As already discussed, Dr. Block's theory that different speed zones become effective upon sight of the speed limit signs would introduce great uncertainty and indefiniteness into the statute's rule of law. By generating so many problems in determining when a specific speed zone is effective in a particular situation, for a particular motorist, that theory diverges far from the mainstream of common sense.

Not that the law is not sometimes counter-intuitive; but there is no premium upon a rule of law that baffles common sense and is nearly impossible to apply fairly and even-handedly to those who are subject to it. On the other hand, the rule that different speed zones become effective at the locations where their corresponding speed limit signs are posted, as Judge Schlesinger recognized, results in the statue being applicable to, and understandable by, all persons equally. Additionally, that rule is compatible with a common-sense understanding about the effect of the statute's commands: slower speed zones are mandatory, faster speed zones are permissive; and a motorist must reduce his speed to the slower speed zone by the time he reaches its speed limit sign, while he may increase his speed up to the faster speed zone, after he has reached its speed limit sign.

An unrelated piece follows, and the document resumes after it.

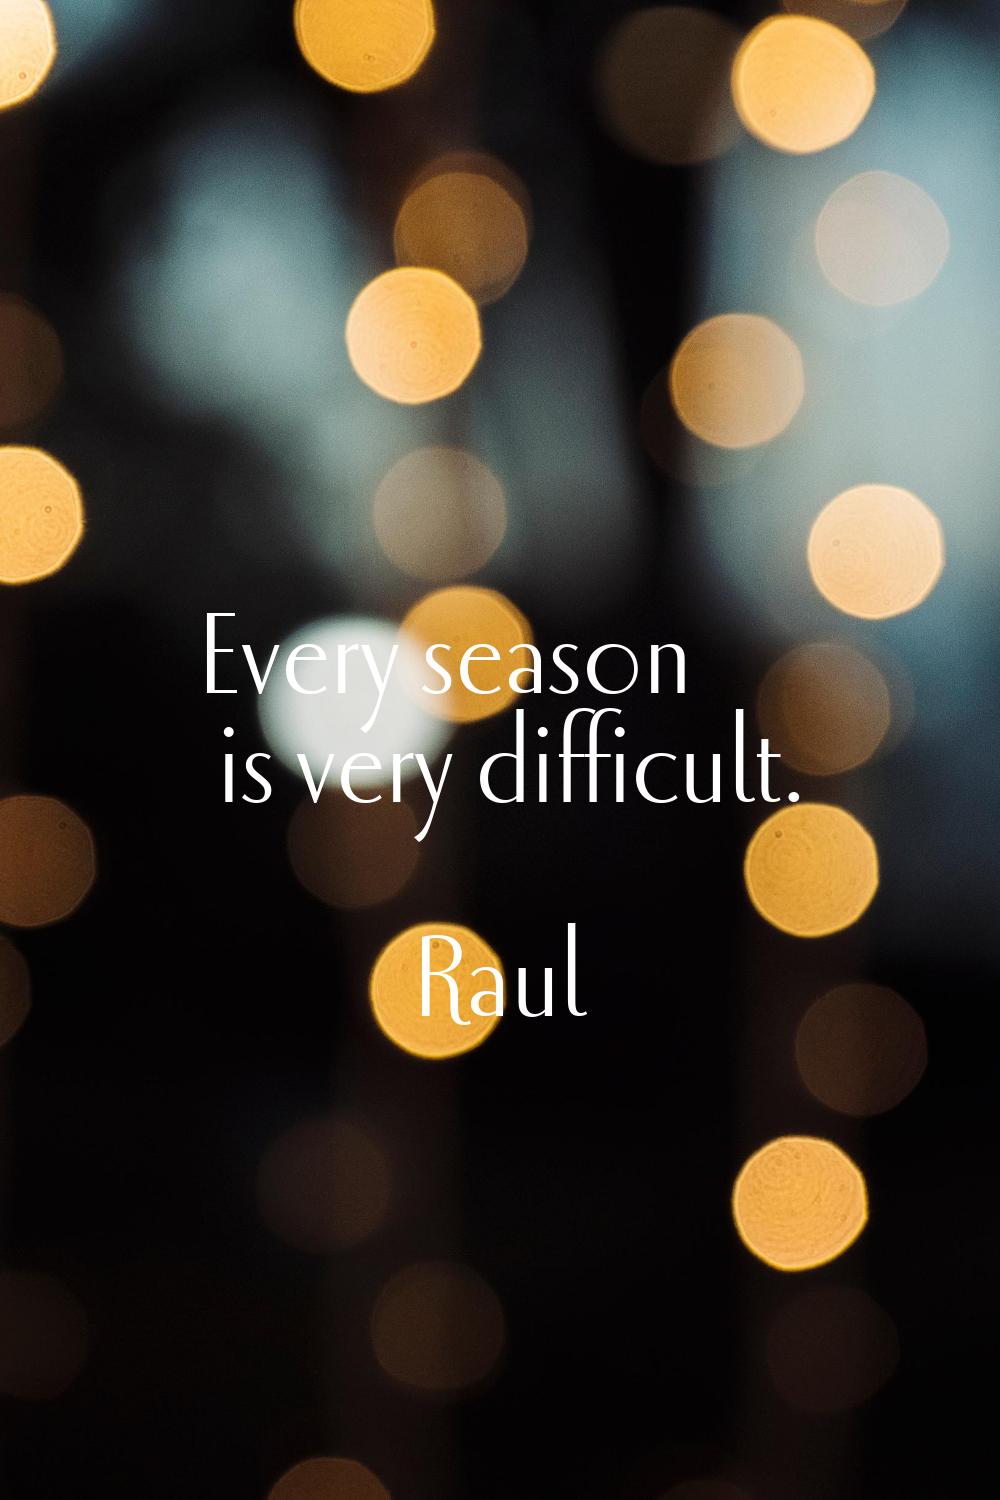 Every season is very difficult.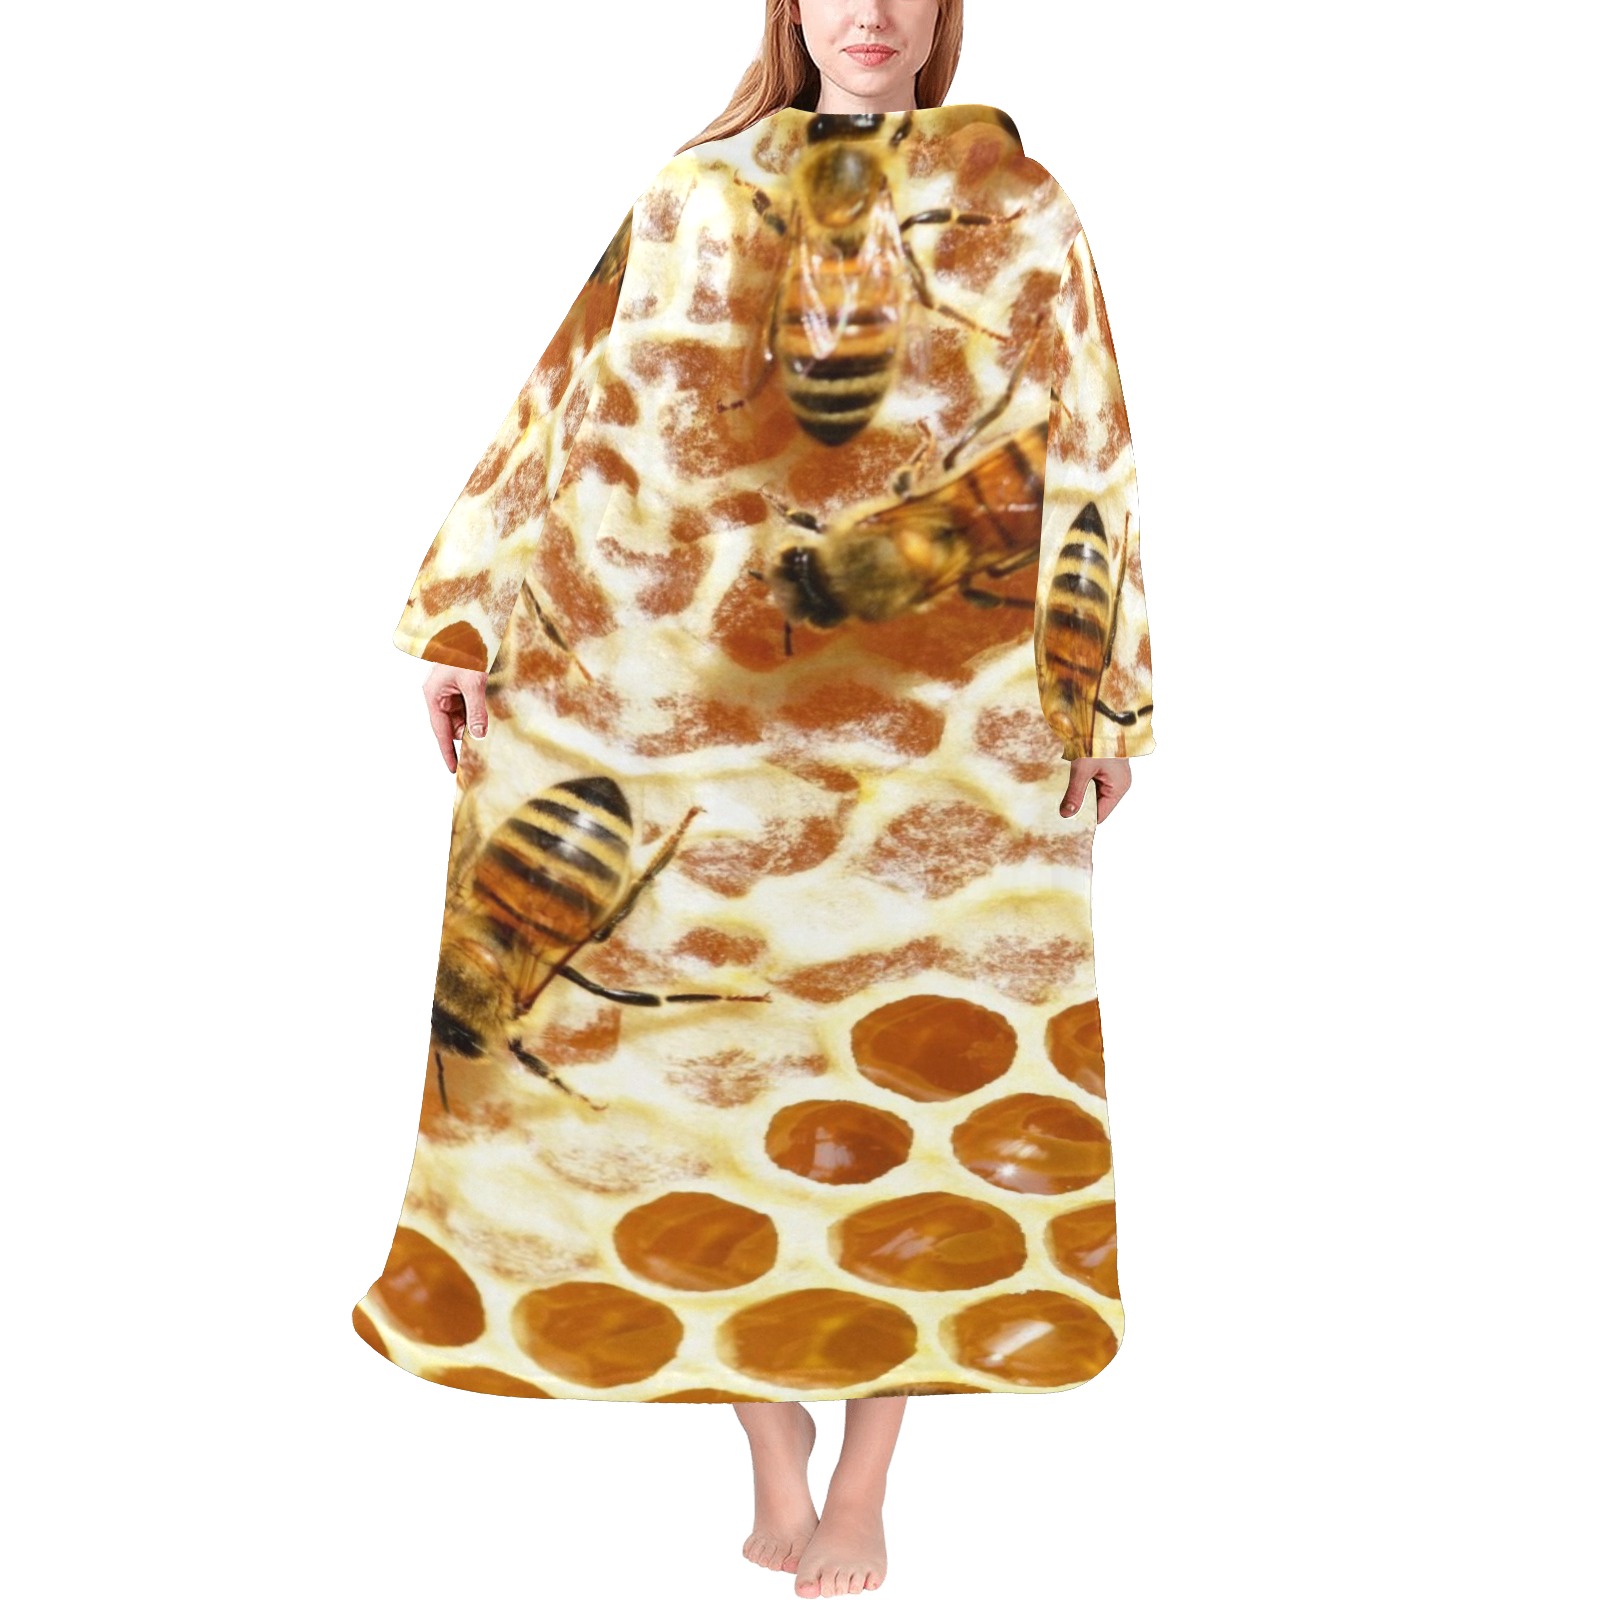 HONEY BEES 2 Blanket Robe with Sleeves for Adults

The absence of reported decisions interpreting Fla.Stat. § 316.183 does not mean that its meaning was unknown or not understood. It means only that, until now, *912 the statute's rule of law had not been articulated in a written decision. Nonetheless, the meaning and effect of the statute's rule of law have been well understood by both those who must obey it and those who enforce it. That common-sense understanding is not disproved by Dr. Block's ingenious theory. Judge Schlesinger accurately expressed the common-sense understanding of the statute's rule of law in reaching his decision; and the judgment is affirmed.

NOTES

[1] Zeno, who lived in Elea, Italy, some time around 510-460 B.C. was a student of Parmenides, an older contemporary of Socrates.

[2] Zeno's paradoxes of motion are known as `The Race Course,' `Achilles and the Tortoise,' `The Arrow,' and `The Stadium'. In Achilles and the Tortoise, Zeno argued that swift Achilles could never overtake the slow tortoise because the belief that he could do so led to contradictions. Specifically, the argument is as follows: assume that motion is possible. Then, if one assumes that Achilles can travel from one point, to some other point to which the tortoise has advanced, in order to catch the tortoise, Achilles must cross an infinite number of points in between. Because it is impossible for mortal Achilles (no matter how swift) to cross an infinite number of points in a finite time, Achilles can never catch the tortoise. The contradiction, then, is that from assuming that Achilles can catch the tortoise, one concludes that Achilles can never catch the tortoise. This self-contradiction, Zeno argued, resulted from the initial assumption that motion is possible. Consequently, in order to avoid such self-contradictory thinking, one must conclude that motion is not possible.